Task input -
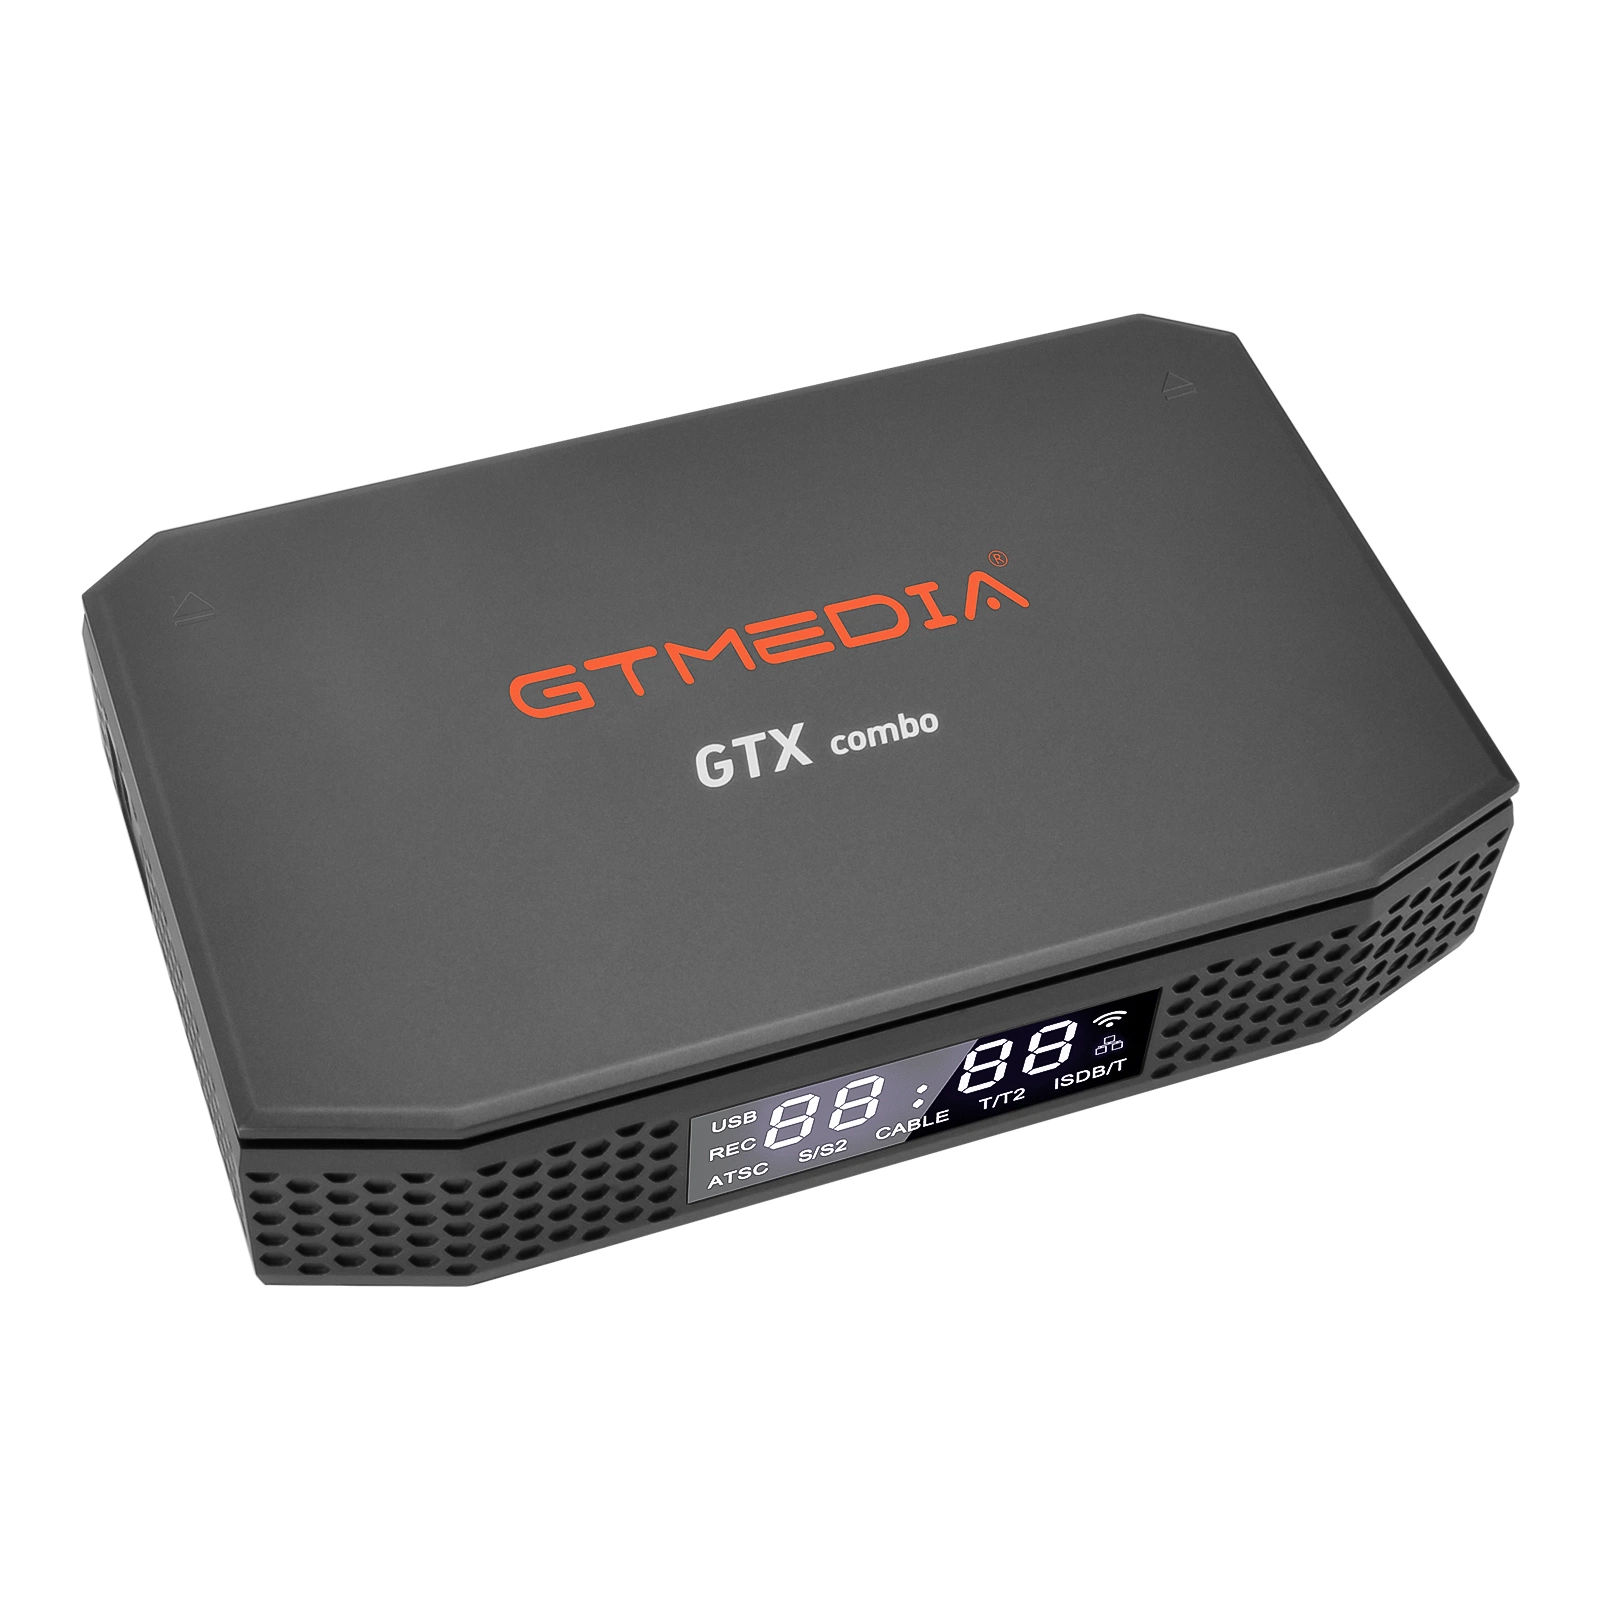 Receptor de satélite Gtmedia GTX Combo suporte a transmissão DVB 8K Ultra Set Top Box digital HD IPTV com Android 9.0
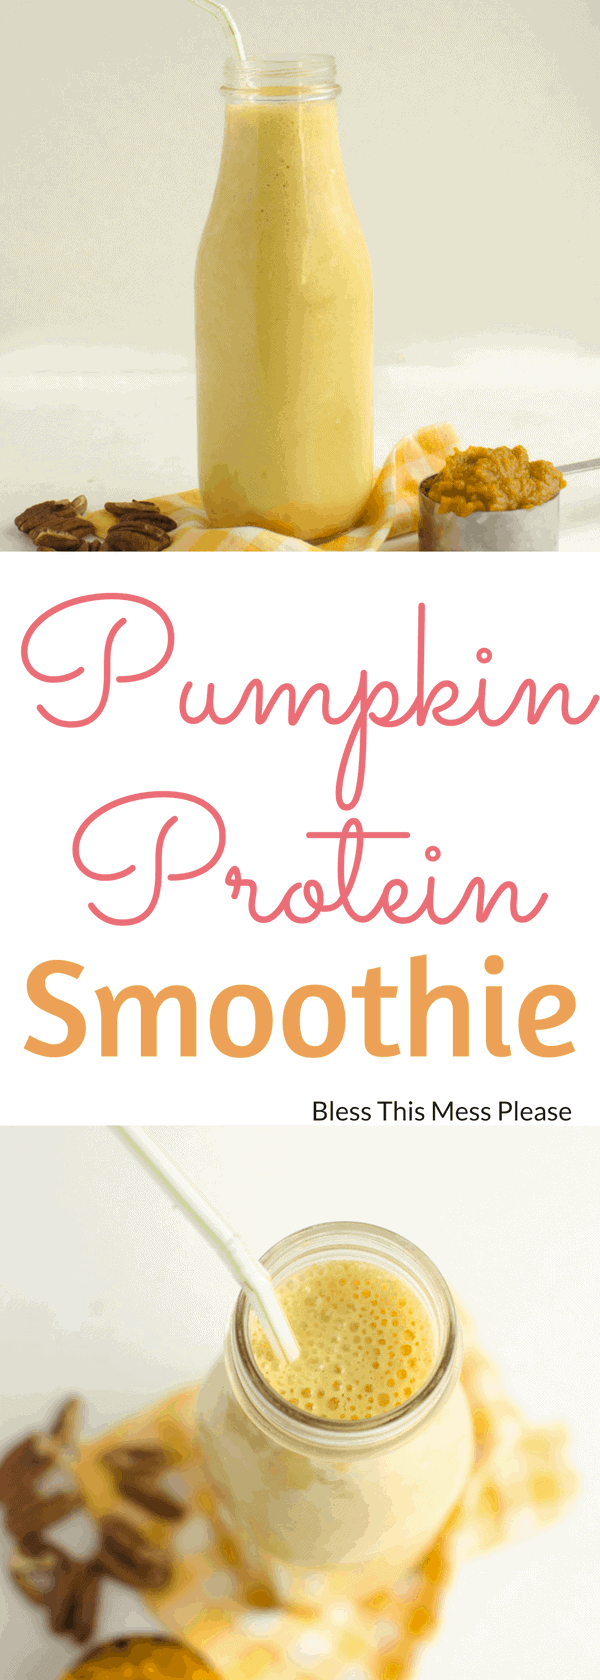 Pumpkin Protein Smoothie
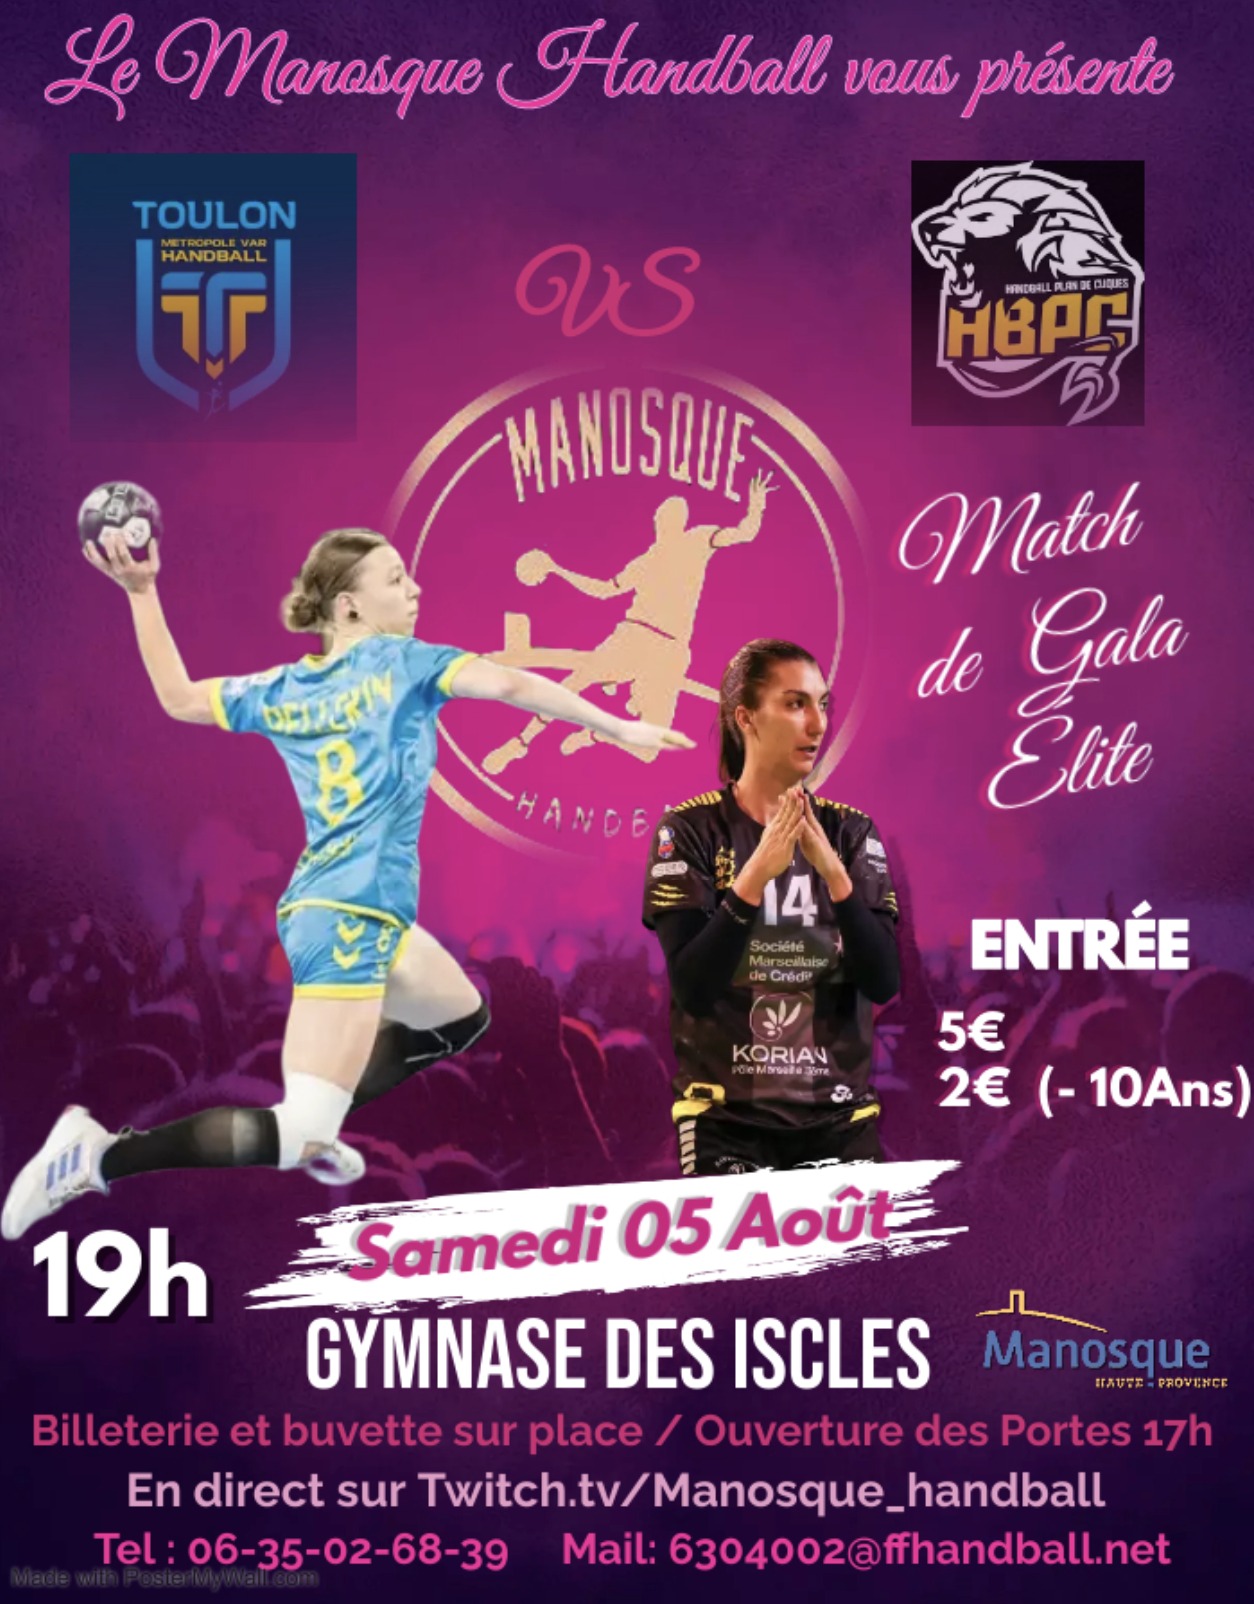 Match de gala le 5 août au gymnase des Iscles organisé par le manosque handball
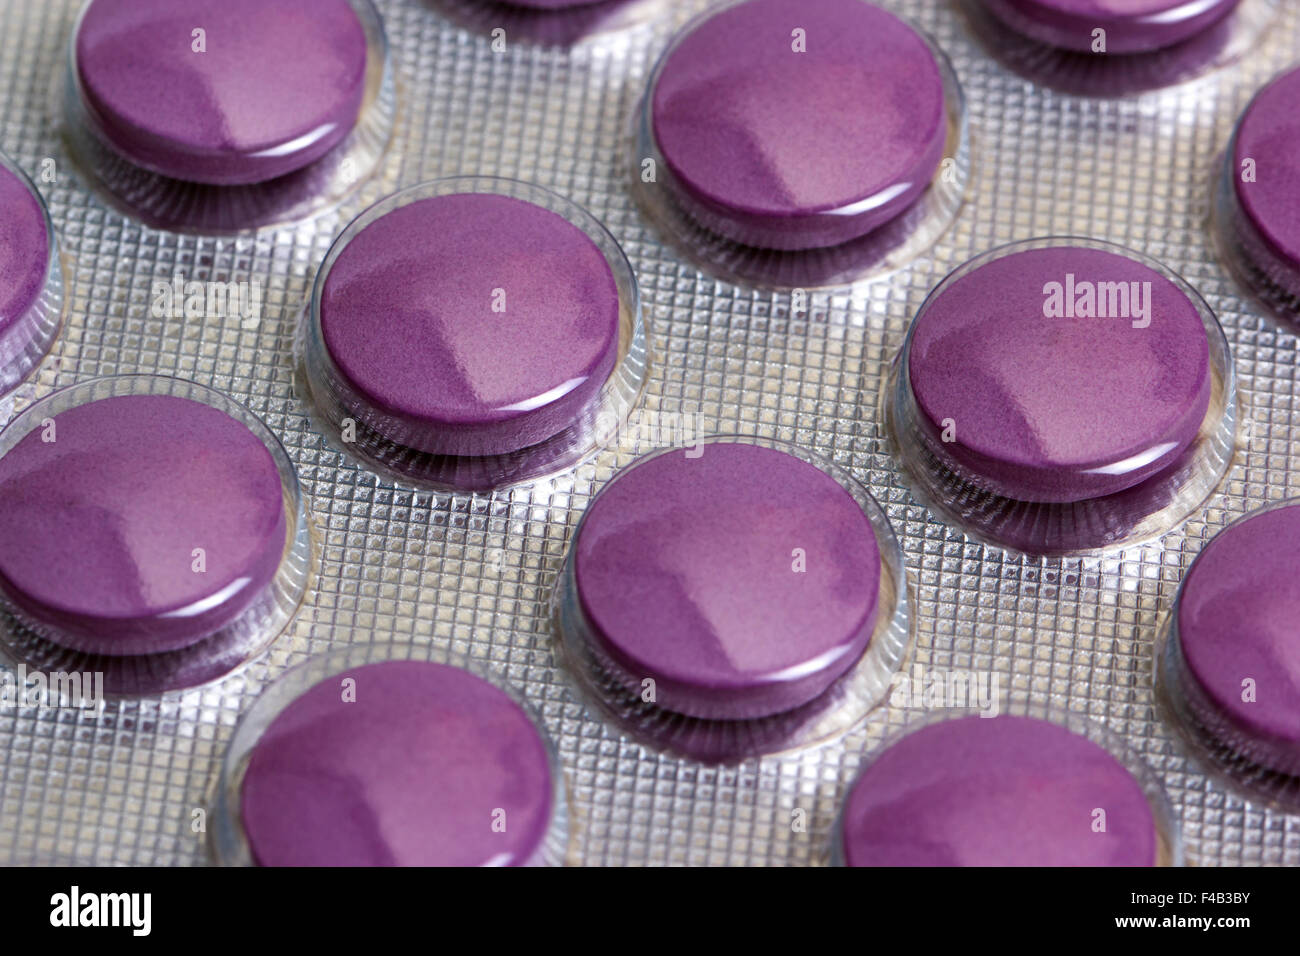 Как называется разноцветные таблетки. Сиреневые таблетки. Фиолетовые таблетки. Таблетки фиолетового цвета. Таблетки сиреневого цвета.
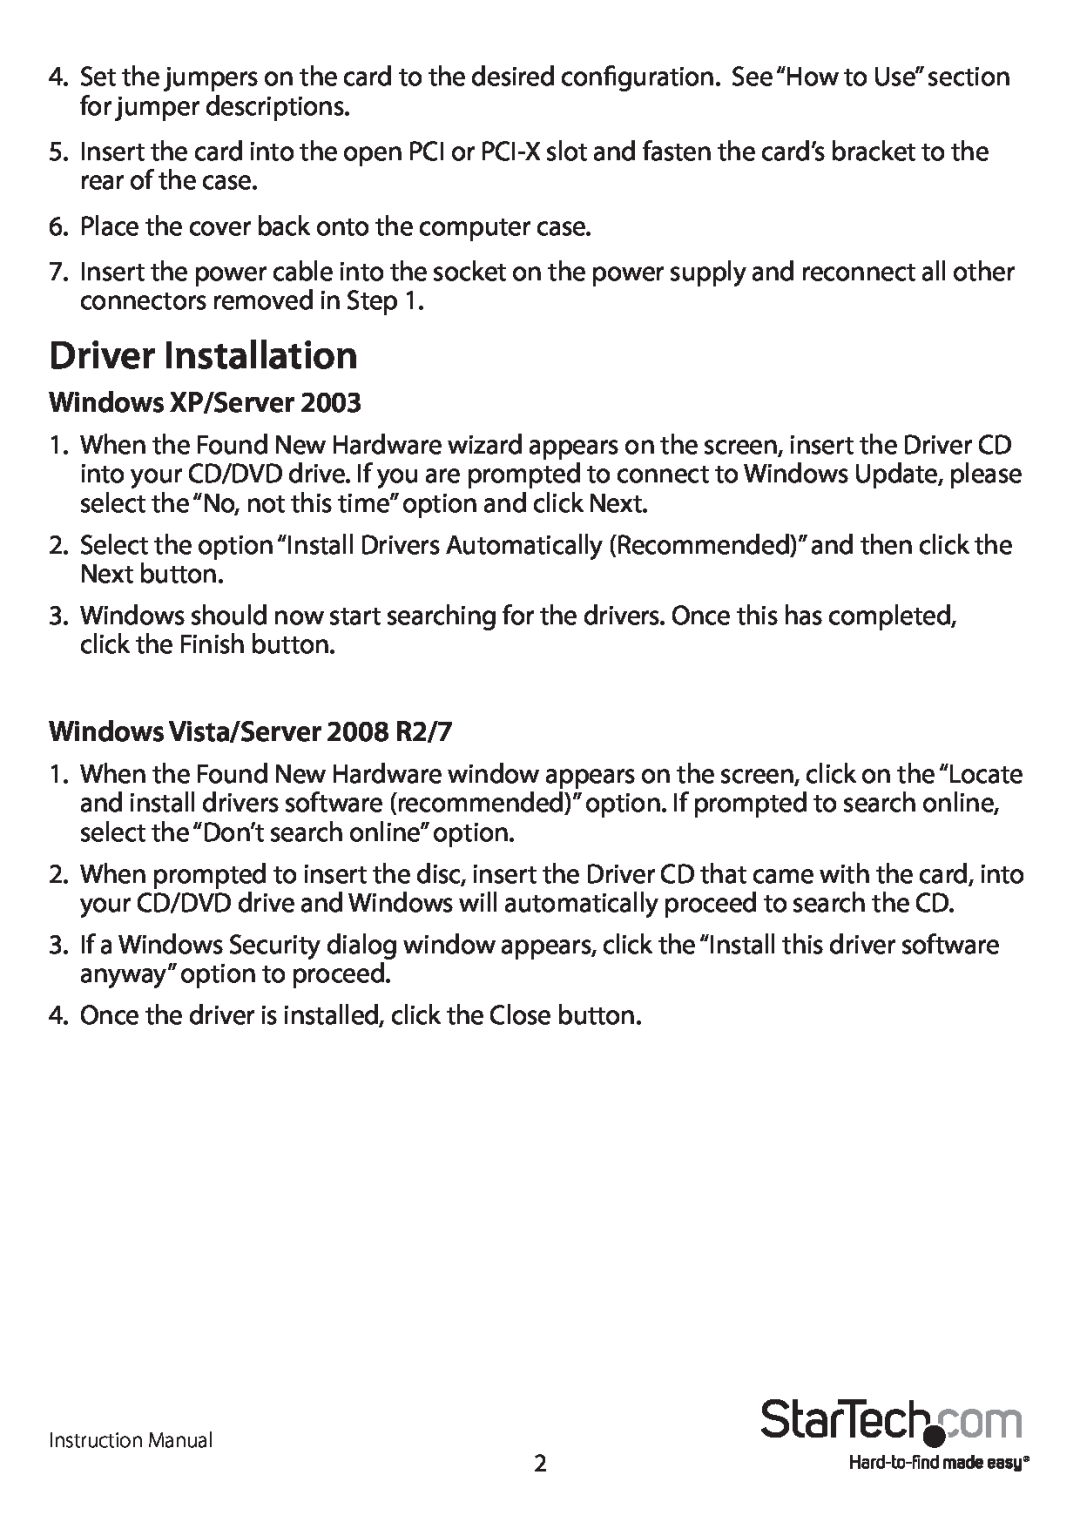 StarTech.com PCI2S232485I manual Driver Installation, Windows XP/Server, Windows Vista/Server 2008 R2/7

Exercise brief - Without including any pictures, reproduce the data exactly.

Answer section -
 Receptor de satélite Gtmedia GTX Combo suporte a transmissão DVB 8K Ultra Set Top Box digital HD IPTV com Android 9.0
 Pumpkin Protein Smoothie
 Match de gala le 5 août au gymnase des Iscles organisé par le manosque handball
 Как называется разноцветные таблетки. Сиреневые таблетки. Фиолетовые таблетки. Таблетки фиолетового цвета. Таблетки сиреневого цвета.
 StarTech.com PCI2S232485I manual Driver Installation, Windows XP/Server, Windows Vista/Server 2008 R2/7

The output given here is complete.